Thousand Miles AI

Posted on Mar 6

Chunking Strategies That Actually Work — Why Your RAG App Retrieves Garbage

#learning #ai #softwareengineering

Fixed-size, recursive, semantic — everyone has an opinion on the 'best' chunking strategy. The 2026 benchmarks are in, and the results will surprise you. Here's what actually works and why.

Chunking Strategies That Actually Work — Why Your RAG App Retrieves Garbage

The most boring part of your RAG pipeline is also the most consequential. Get chunking wrong, and nothing downstream can save you.

The Contract That Lied

Picture this. You're building a legal document assistant. A lawyer asks: "Is the company liable for damages in cases of force majeure?" Your RAG system retrieves a chunk that confidently states: "The company is liable for all damages arising from service interruptions." Clear answer, right?

Except... the original document said: "The company is liable for all damages arising from service interruptions, except in cases of force majeure as defined in Section 12." Your chunker, set to split every 500 tokens, sliced the sentence right between "interruptions" and "except." The exception — the most important part — ended up in the next chunk. That chunk didn't get retrieved because the query was about liability, not about Section 12 definitions.

One bad split. A completely wrong answer. And the user has no idea because the retrieved chunk looked perfectly valid.

This isn't a contrived example. This pattern plays out constantly in production RAG systems. Tables split in half. Lists separated from their headers. Paragraphs that say "as mentioned above" — but "above" is in a different chunk that wasn't retrieved. Chunking errors are silent, invisible, and devastating.

Why Should You Care?

Chunking is the first real decision in any RAG pipeline, and it's the one most developers spend the least time on. Everyone obsesses over embedding models, vector databases, and LLM selection — but the quality of your chunks puts a hard ceiling on everything else. You can't retrieve what you've destroyed.

And here's what makes it interesting: the 2026 benchmarks flipped a lot of assumptions on their head. The fanciest chunking methods? They're not winning.

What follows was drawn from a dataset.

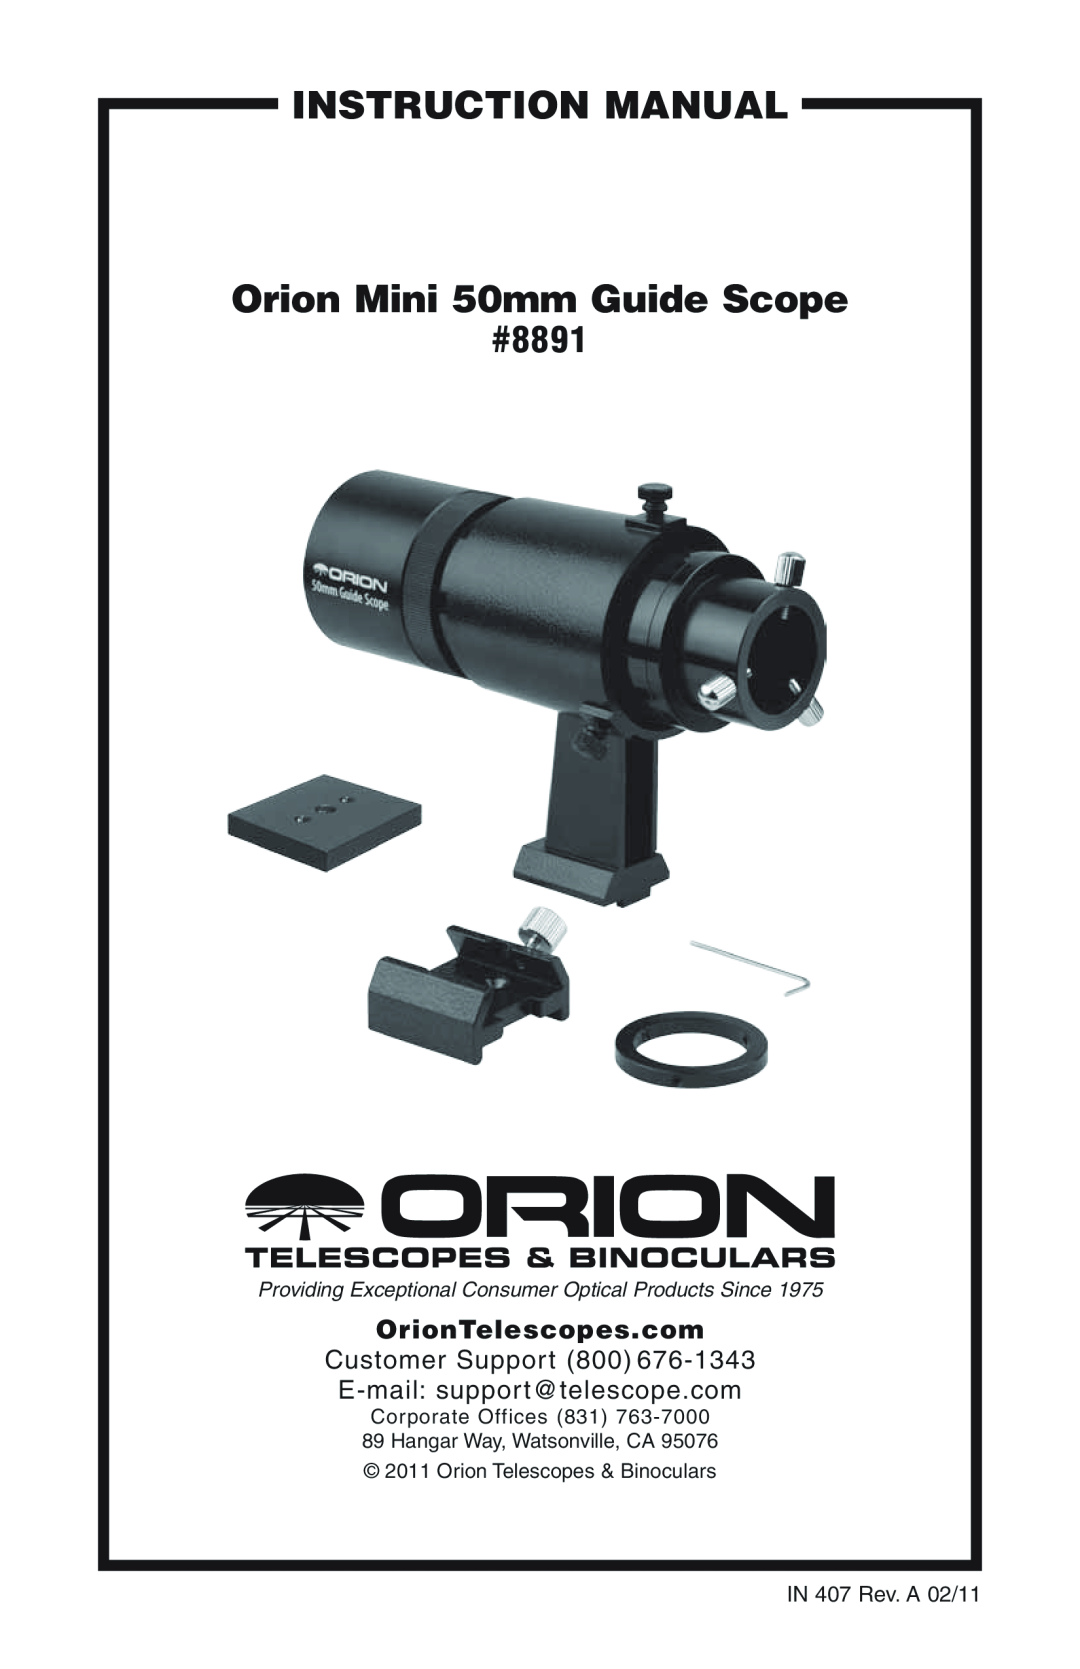 Orion instruction manual instruction Manual, Orion Mini 50mm Guide Scope, OrionTelescopes.com, #8891

Understanding why requires understanding what each strategy actually does — and that's knowledge that shows up in both system design interviews and production debugging.

Let Me Back Up — What Is Chunking and Why Do We Need It?

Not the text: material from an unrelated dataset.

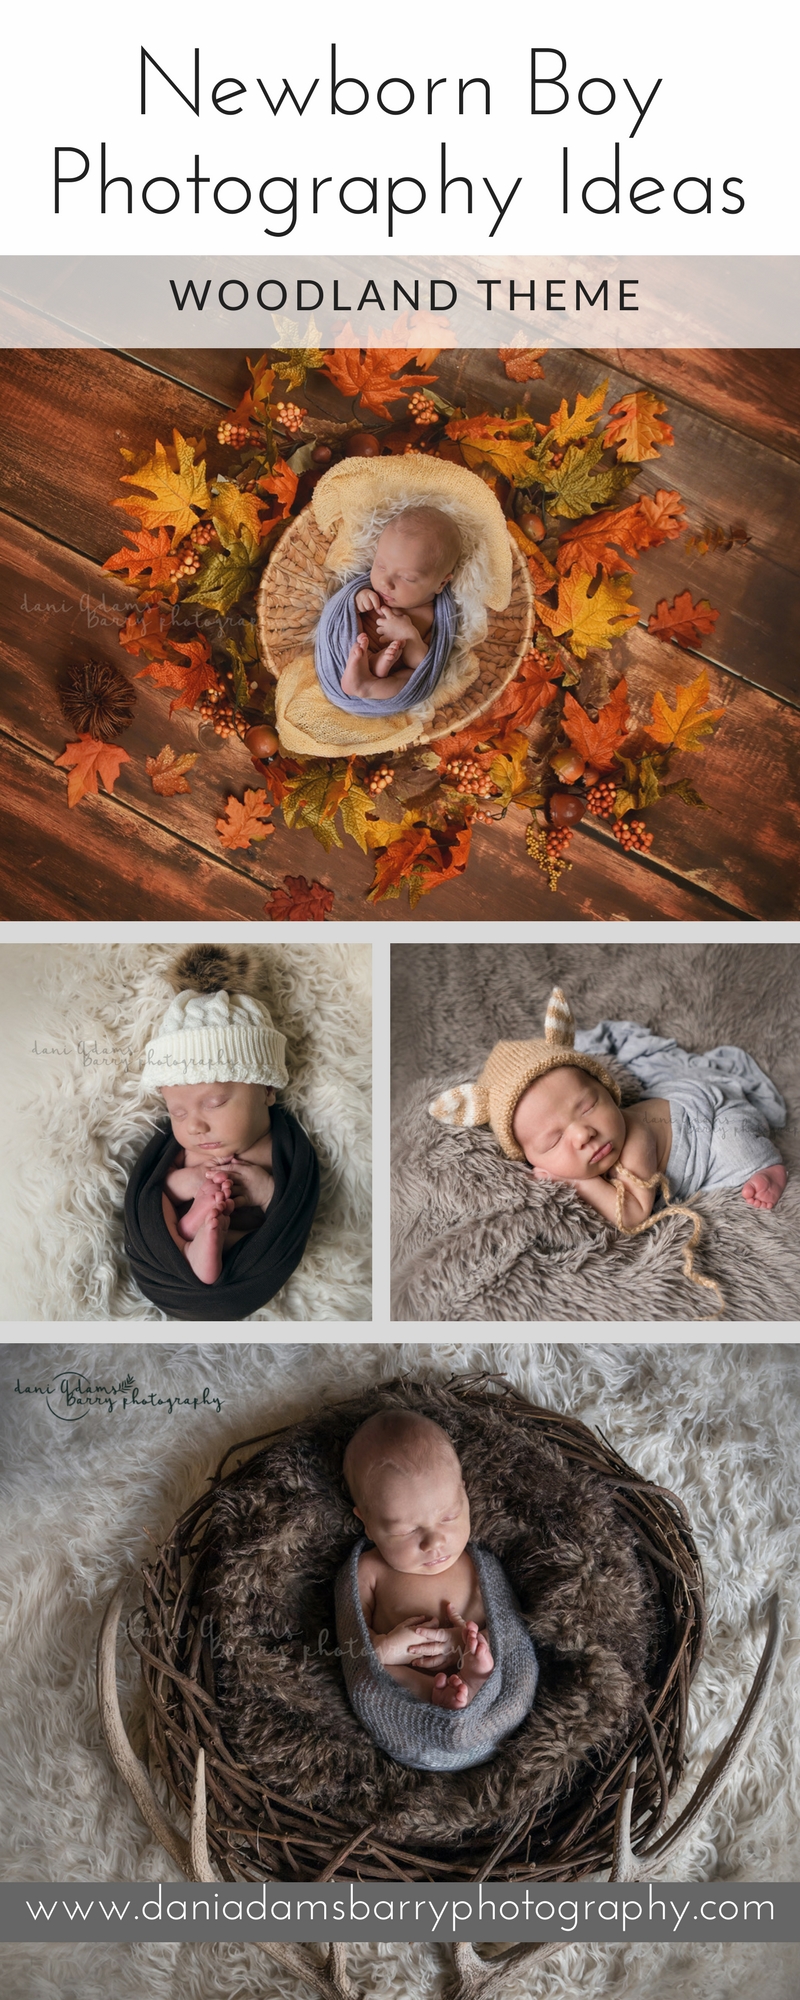 Newborn Boy Photography Ideas. Woodland themed Newborn Photography Dallas TX. Baby Portrait Inspiration by Dallas Photographer Dani Adams Barry

Before your documents go into a vector database, they need to be broken into smaller pieces. There are two reasons for this.

First, embedding models have token limits. Most models cap out at 512 or 8,192 tokens. You can't embed a 50-page PDF as a single unit.

Second — and this is the less obvious reason — you want precision in retrieval. If your entire document is one big chunk, any query about any topic in that document will retrieve the whole thing. The LLM then has to find the needle in a haystack. Small, focused chunks mean the retriever can surface exactly the paragraph that answers the question.

But "small and focused" creates its own problem: the smaller the chunk, the more context it loses. A chunk that says "this approach" without telling you what "this" refers to is useless. The art of chunking is finding the sweet spot between precision and context.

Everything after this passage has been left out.